Segundo o município, a primeira edição do evento “revelou-se um enorme sucesso, atraindo milhares de visitantes”. A autarquia afirma que decidiu fazer a segunda edição com base num estudo que encomendou a investigadores do CiTUR – Universidade do Algarve, o qual concluiu que “a primeira edição gerou uma nova receita direta na economia local de 2.641.407 euros, agregada entre residentes e visitantes”.

A autarquia garante que, “à semelhança de 2024, todas as despesas associadas à realização do evento “A Noitada 2025″ são da exclusiva responsabilidade da empresa promotora”, sendo o contrato concebido para o fornecimento de serviços do tipo ‘chave-na-mão’.

Mas como não há duas sem três, o município não exclui voltar a contratar esta empresa para nova ‘Noitada’ em 2026. A decisão vai depender do “novo estudo de impacto relativo à edição de 2025, cujos resultados fundamentarão a decisão quanto à eventual continuidade da colaboração com a entidade detentora do conceito”. Dependerá também das eleições autárquicas que se realizam este ano e que poderão ou não alterar a configuração do executivo daquela autarquia.

Seja como for, com mais ou menos luzes e artes cénicas, estamos perante um festival musical e de entretenimento, ou seja, existem dúvidas sobre se se aplica o conceito de propriedade intelectual.

Com efeito, a propriedade intelectual divide-se em dois ramos: a propriedade industrial, que compreende as invenções (patentes), as marcas, os desenhos e modelos industriais e as denominações de origem, enquanto os direitos de autor abrangem as obras literárias e artísticas.

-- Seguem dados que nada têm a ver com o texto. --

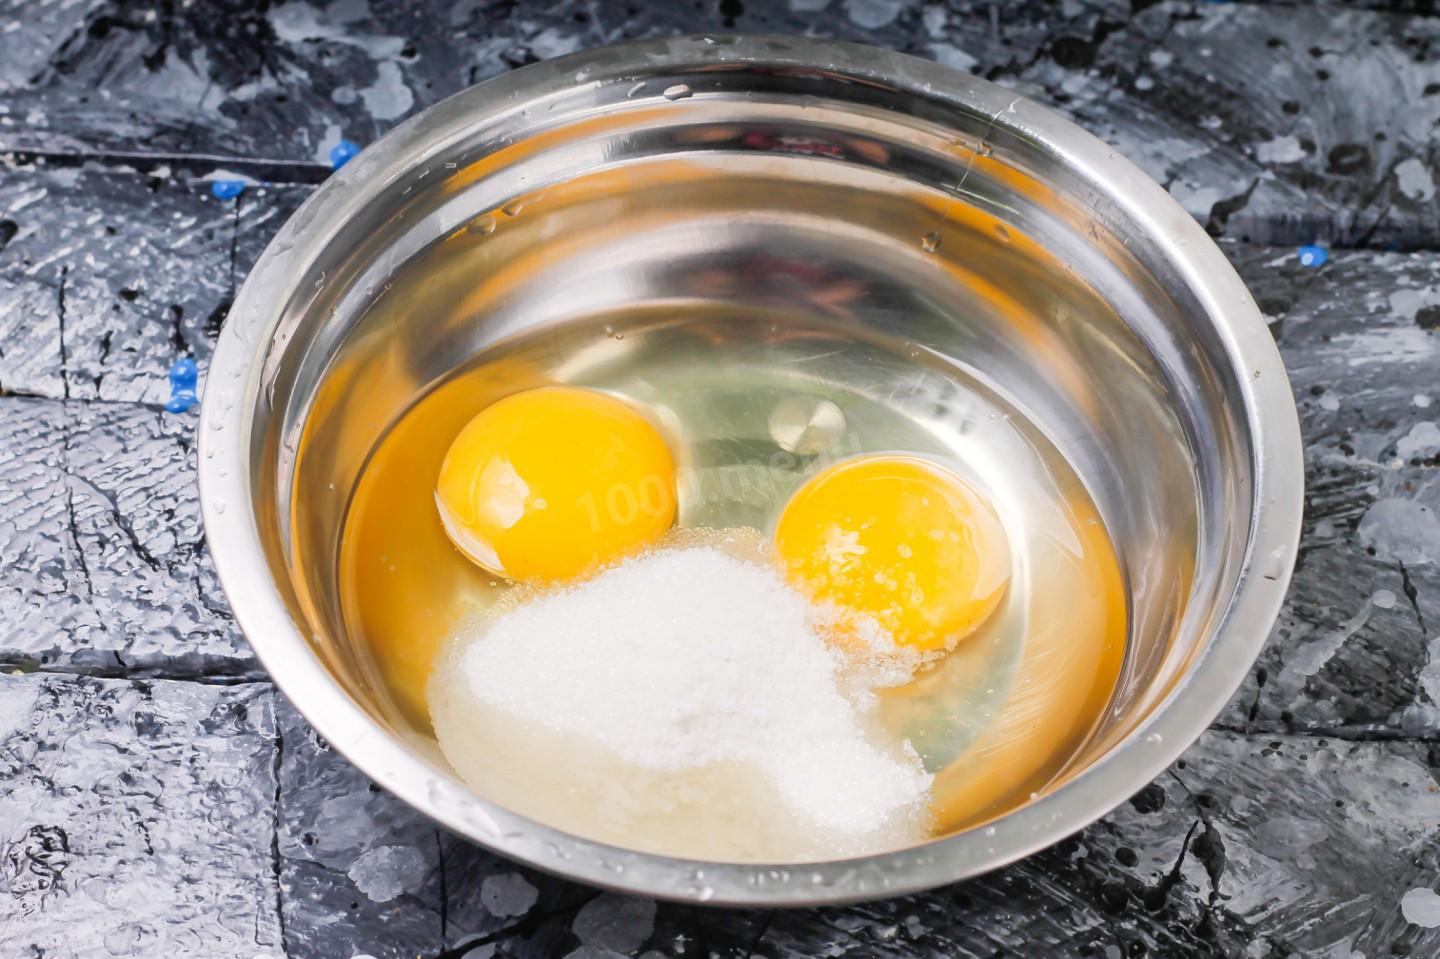 Блины 1 стакан молока 1 стакан кипятка 2 яйца. Разбить яйцо в кипяток. Яйца в кружке кипятком. Пиалка яйцо кипяток. Блины на 1 яйце и кипятке
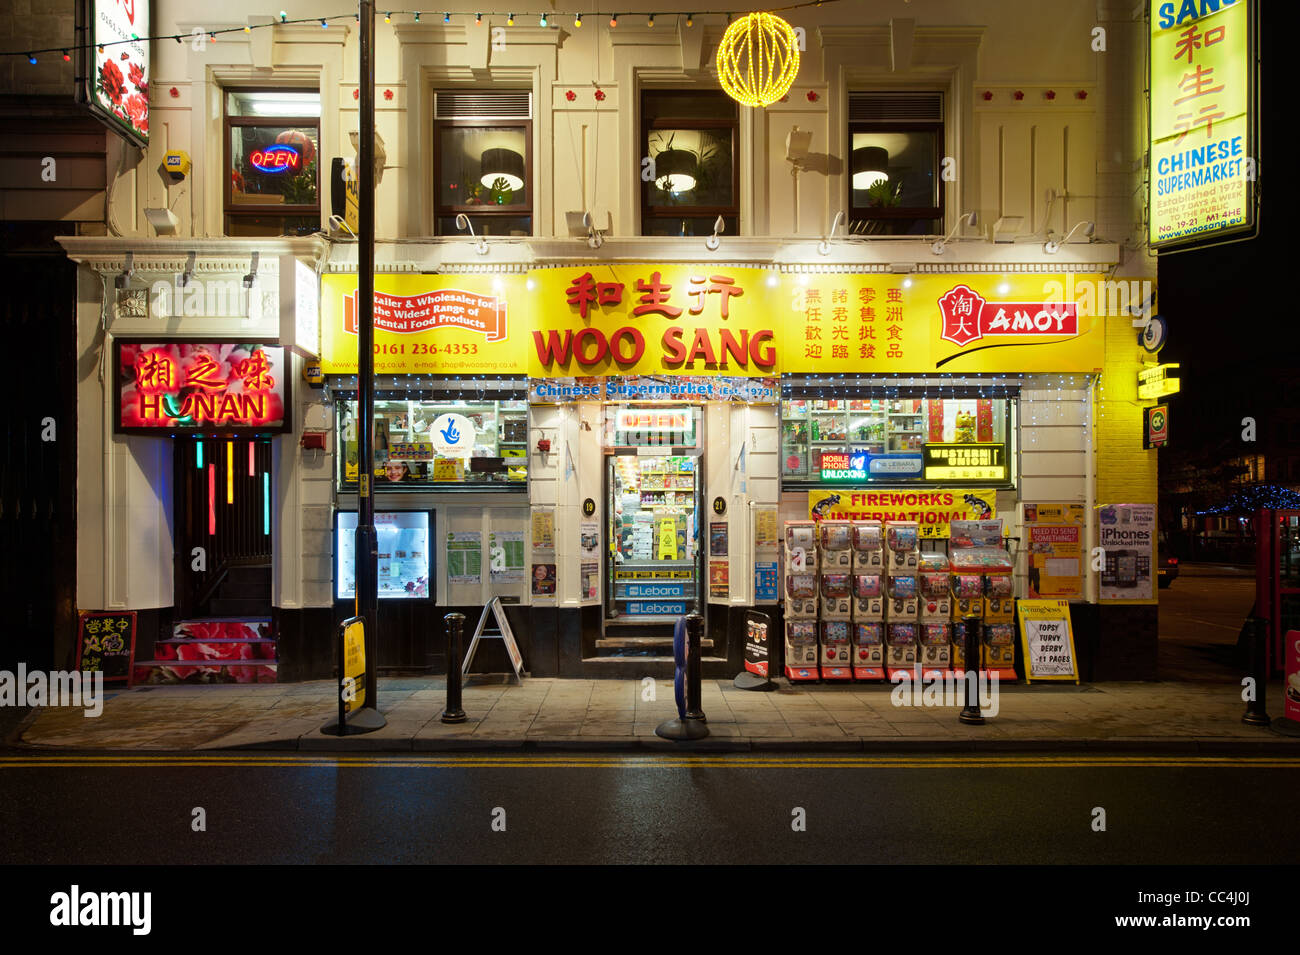 Le supermarché chinois, Woo a chanté, situé sur George Street dans le quartier chinois de Manchester, Royaume-Uni. Banque D'Images

Ora, segundo a Inspecção-Geral das Actividades Culturais (IGAC), não são protegidos e não podem ser registados os conceitos, as ideias, os processos, os sistemas e os métodos operacionais. Isto é, com a mesma ou outra denominação, um festival com música e outros espectáculos não pode ser considerado ‘propriedade’ exclusiva de uma empresa, logo não pode ser feito sem concorrência.

Álvaro Bila, presidente da autarquia de Portimão a divulgar no ano passada a Noitada.

Em todo o caso, estes dois grandes ajustes directos já ‘estão no papo’ da New Sheet. E não são os únicos. A autarquia fez outros dois ajustes directos no ano passada com esta empresa de Oeiras, embora com valores mais pequenos.

O primeiro, no valor de 98.400 euros (com IVA), consistiu na ‘aquisição de serviços para o projecto ‘100 anos, 100 sardinhas’. O outro, no montante de 81.075 euros foi justificado com a ‘aquisição de serviços para a contratação de artistas para animação musical ‘Celebrações Passagem de Ano 2024/2025′”.

Estes montantes estão mais em linha com os restantes contratos que a New Sheet obteve junto de outras autarquias. Desde 2019, quando conseguiu o primeiro contrato público, a empresa de Oeiras já obteve 40 contratos, no total. Com a excepção das duas edições de ‘Noitada’ com o município de Portimão, os valores dos restantes contratos oscilam entre os 6.300 euros e os 90.000 euros (sem IVA).

Ou seja, a autarquia de Portimão garantiu à New Sheet, em apenas dois contratos, cerca de 60% da facturação total que a empresa já registou junto de entidades públicas nos últimos sete anos. Isto em duas ‘noitadas’ de festa e animação. A ressaca, se houver, essa fica sempre para os contribuintes.

Portimão fez quatro ajustes directos com a New Sheet em menos de um ano. No total, o município pagou 1,8 milhões de euros à empresa. Fonte: Portal Base

Por fim, não se diga que falta animação a Portimão, e mais gastos públicos. Tanto no ano passado como este ano, pois dias passados do fim da ‘Noitada’ vem o Festival da Sardinha, com mais espectáculos ‘grátis’ que custam centenas de milhares de euros. A edição do ano passado ocorreu entre os dias 30 de Julho e 4 de Agosto, ou seja, começou três dias depois da ‘Noitada’.

Nesse caso, a autarquia foi mais ‘comedida’, e fez adjudicações com várias empresas,que custaram, no total, cerca de 350 mil euros com IVA.Mas, pelo menos foram seis dias inteiros de festa, que incluíram concertos com Aurea, Marisa Liz, Richie Campbell, Anjos e Delfins.